Reproduce precisely the lines of the material below from the line containing "Infinity Earrings Yellow 14K Gold" up to and including its last line. Pictures must not be copied.

## Data section
--- START ---

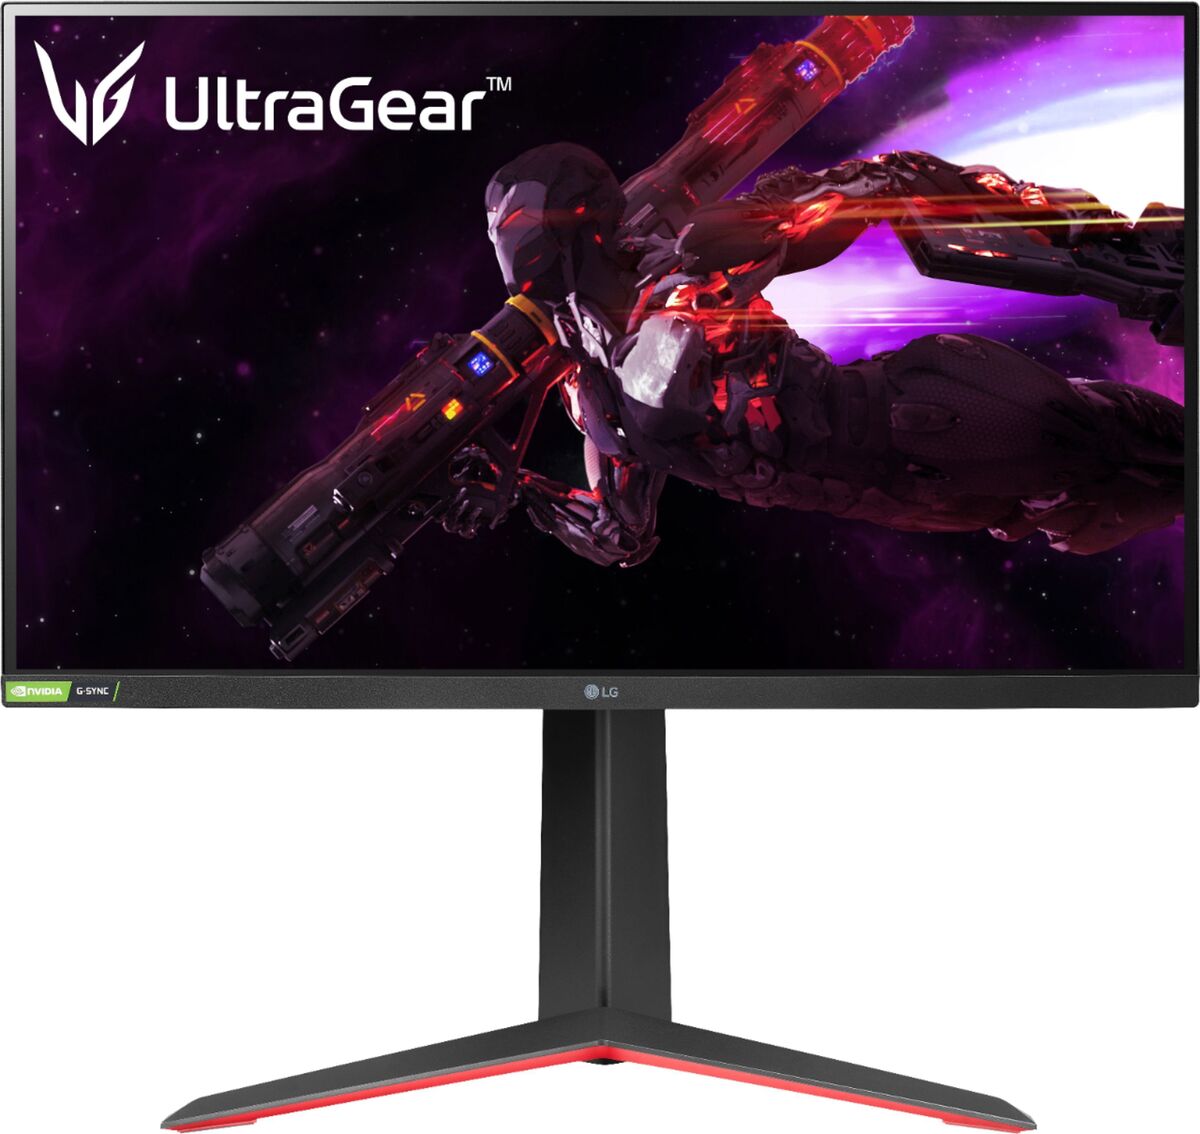 LG UltraGear gaming monitor
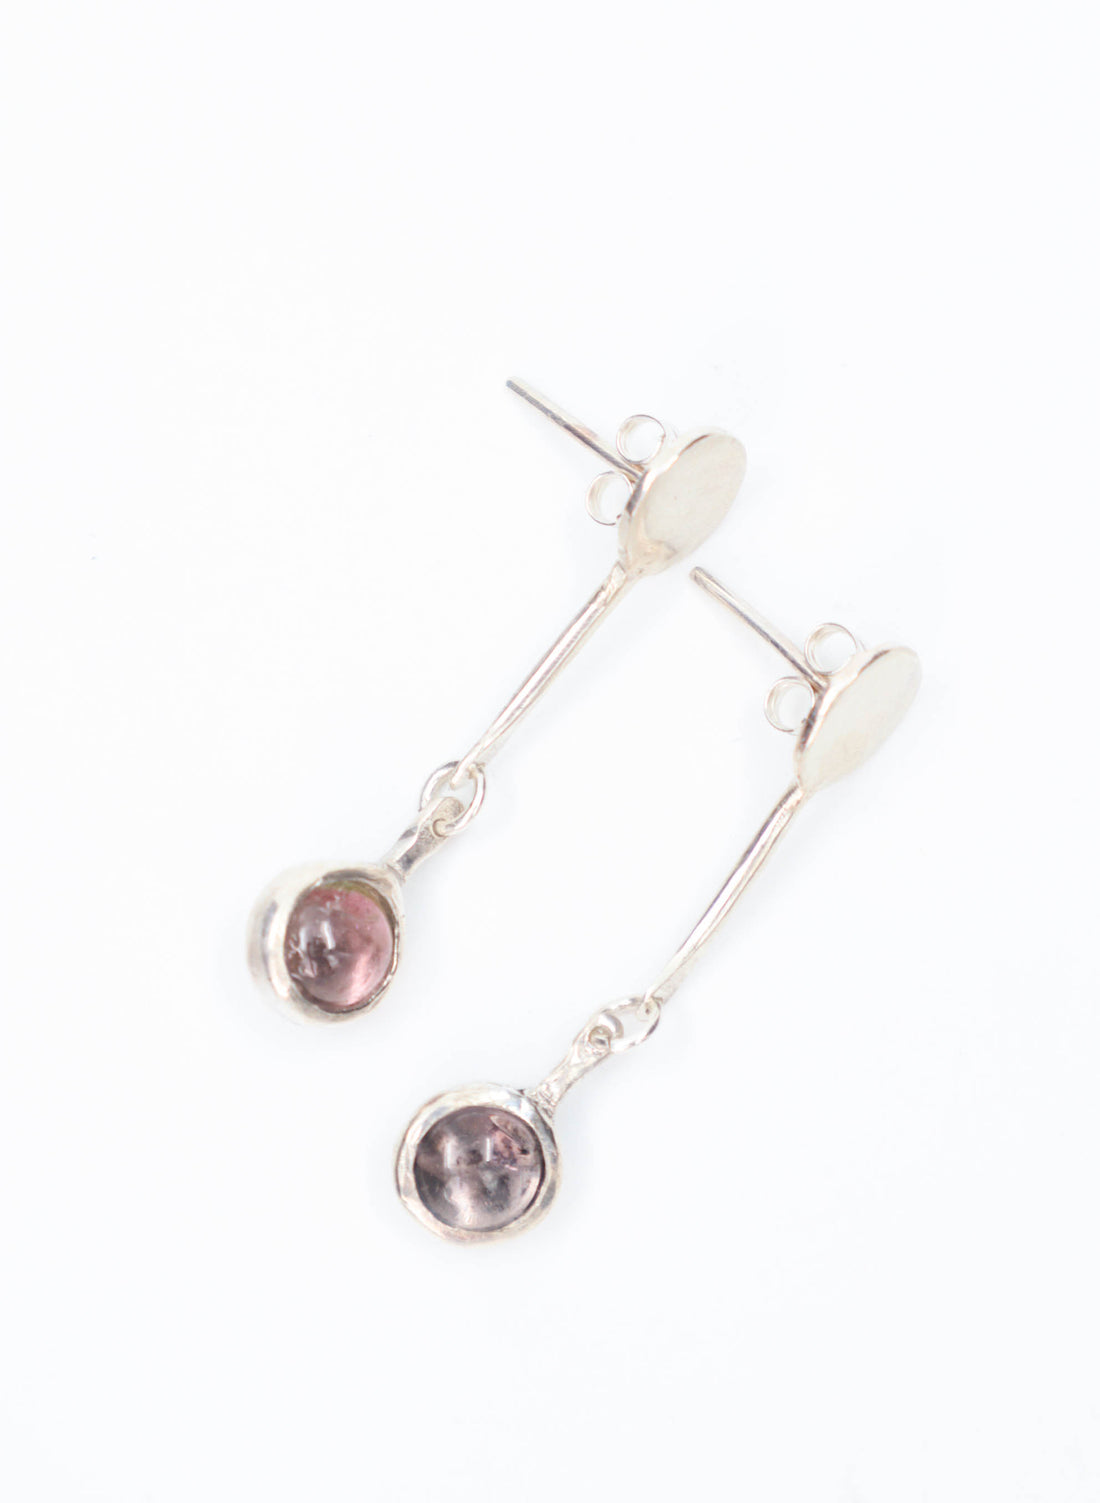 Solar Hoop Earrings - Sterling Silver and Dusty Pink Tourmaline
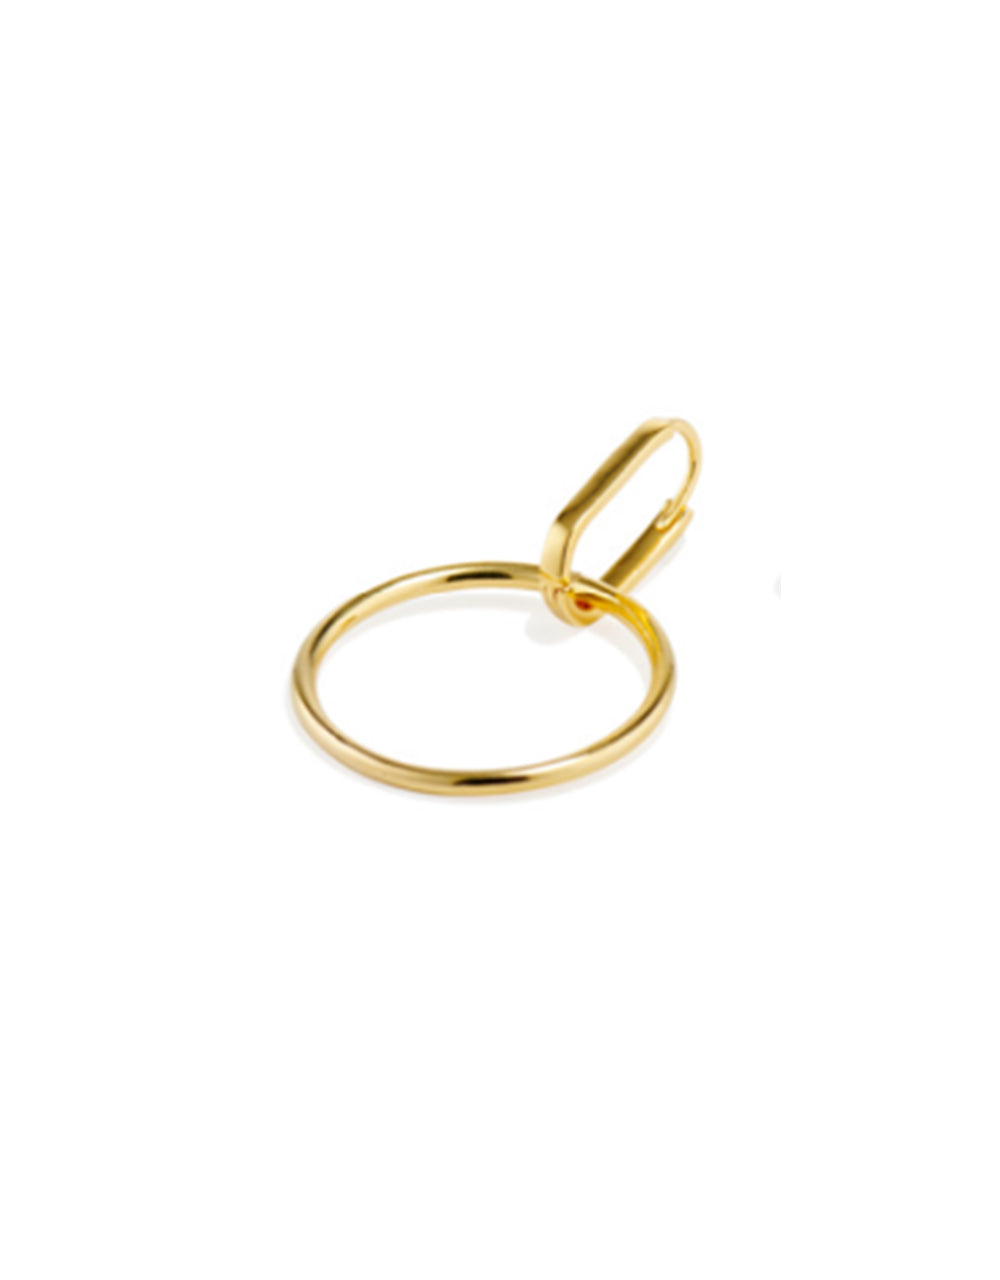 Infinity Earrings Yellow 14K Gold
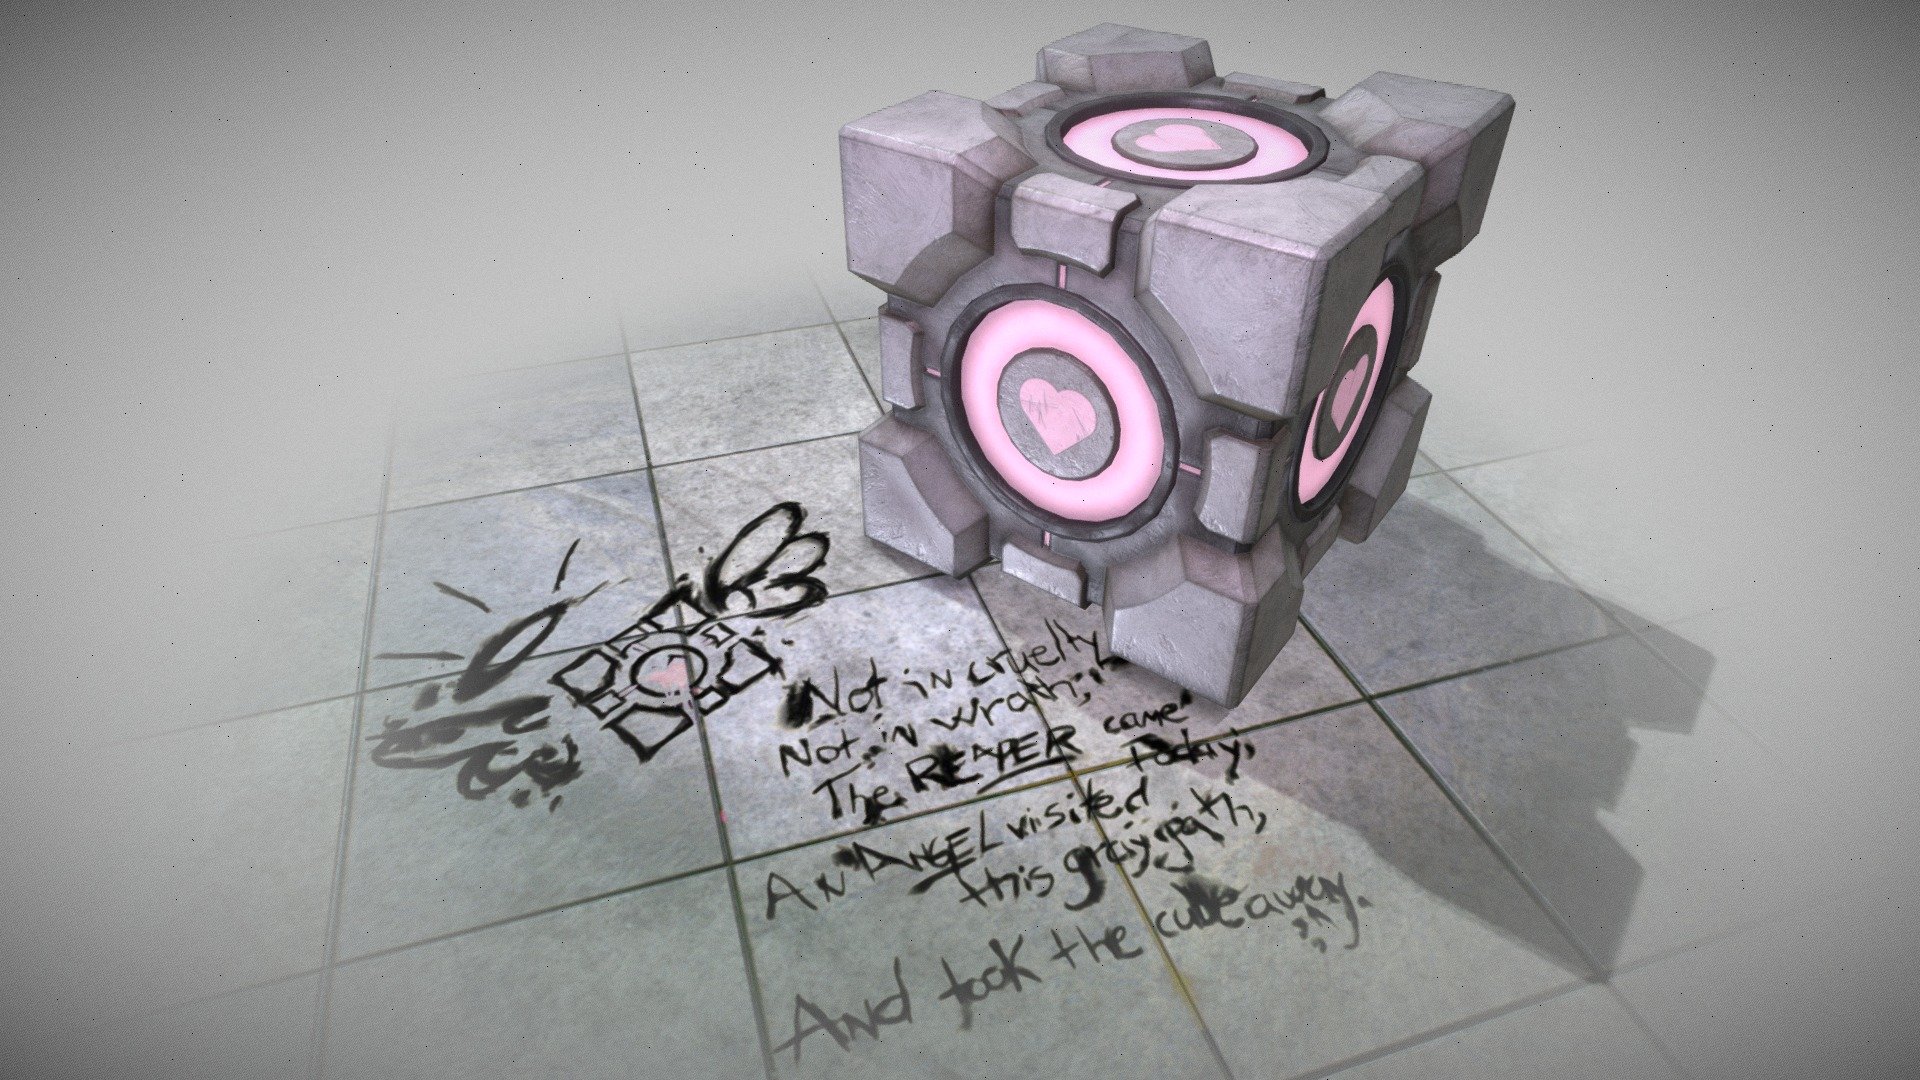 ArtStation - Portal Companion Cube

--- END ---

## Solution for this task
 Infinity Earrings Yellow 14K Gold
 ArtStation - Portal Companion Cube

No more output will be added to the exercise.